Import statsmodels requests

from statsmodels.tsa.seasonal import seasonal_decompose
from statsmodels.graphics.tsaplots import plot_acf
import matplotlib.pyplot as plt

Use statsmodels library to be able to decompose time series

Theory

--> Break a time series down into systematic and unsystematic components.

Systematic: Components of the time series that have consistency or recurrence and can be described and modeled.

Non-Systematic: Components of the time series that cannot be directly modeled. A given time series is thought to consist of three systematic components including level, trend, seasonality, and one non-systematic component called noise.

These components are defined as follows:

Observed: The value in the series.
Trend: The increasing or decreasing value in the series. Trend is the moving average in the period.
Seasonality: The repeating short-term cycle in the series. Seasonality+Noise = observed/trend for multiplicative model or = observed-trend for additive and then average to retrieve the pure seasonality
Noise: The random variation in the series.

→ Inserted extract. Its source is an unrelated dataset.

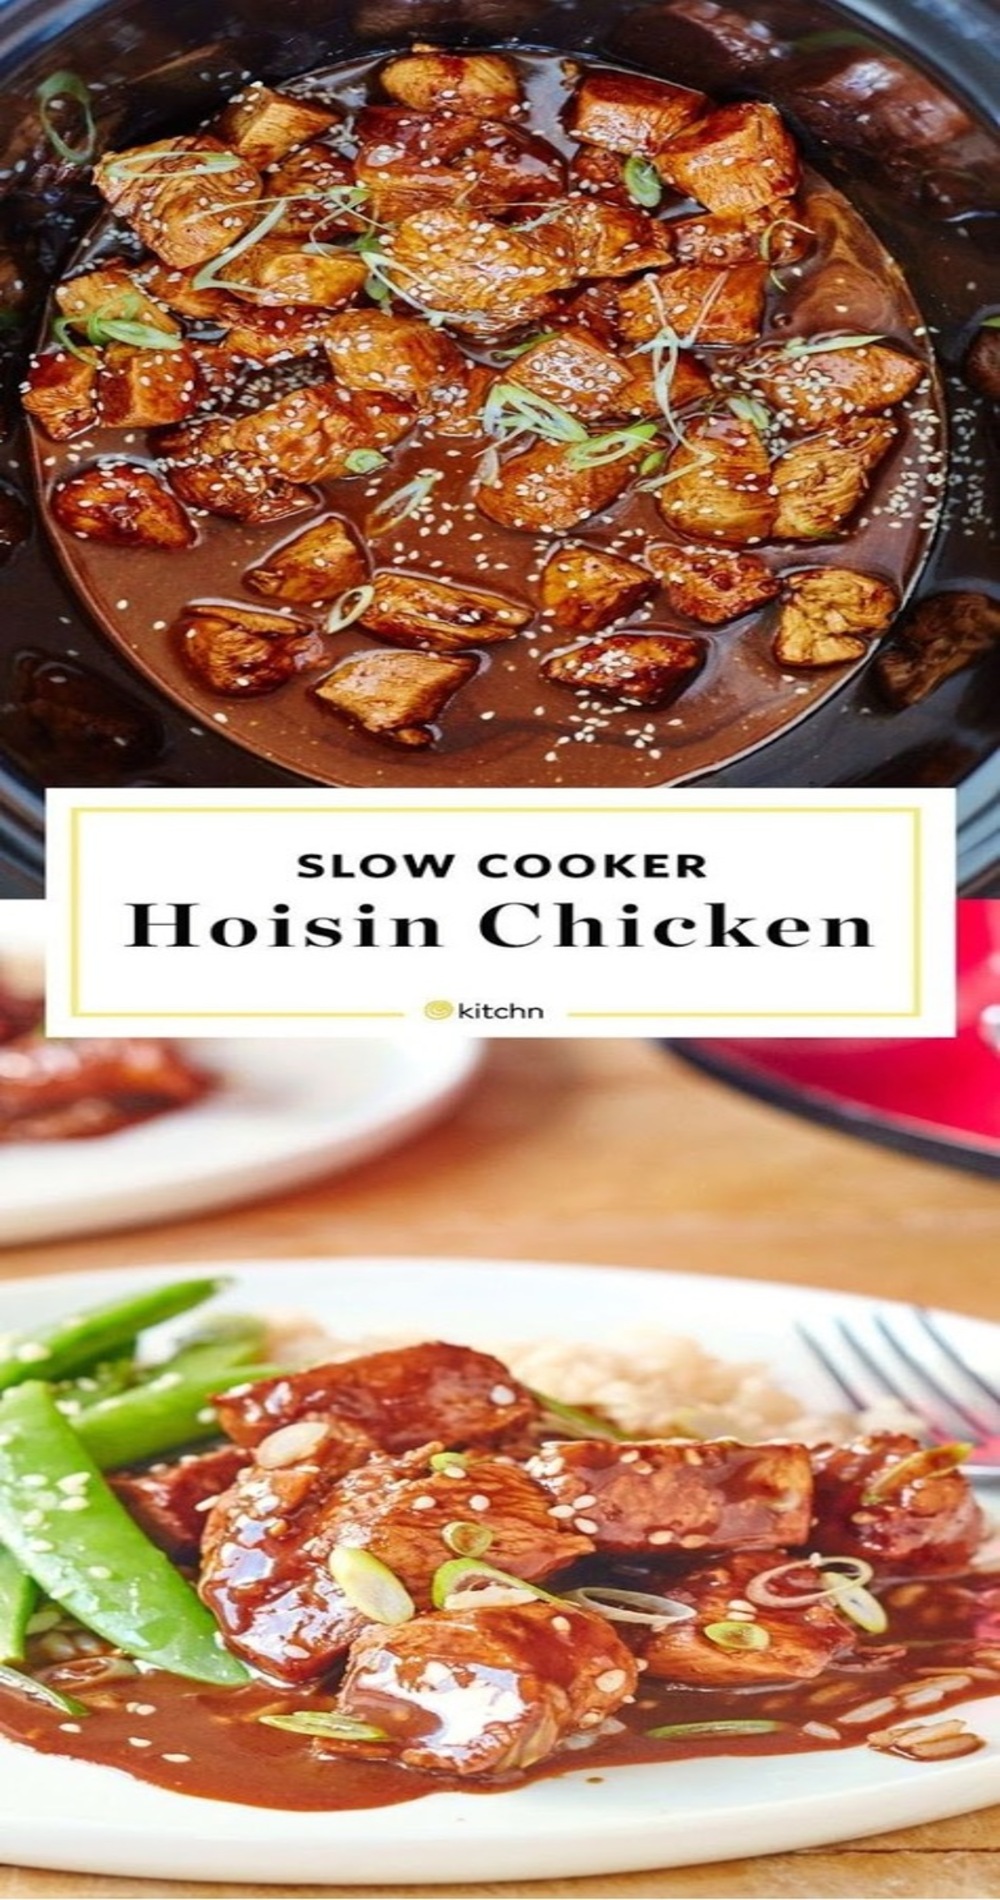 Slow-Cooker Hoisin Chicken

A series is thought to be an aggregate or combination of these four components. That's why there are 2 models: additive and multiplicative.
For additive model, Time series value = trend component + seasonal component + noise component
For multiplicative model, Time series value = trend component * seasonal component * noise component

Code

The function below shows how to decompose a series into trend, seasonal, and residual components assuming an additive model and plot the result.
seasonal_decompose returns an object with trend, seasonal, residuals and observed attributes (each one is an array).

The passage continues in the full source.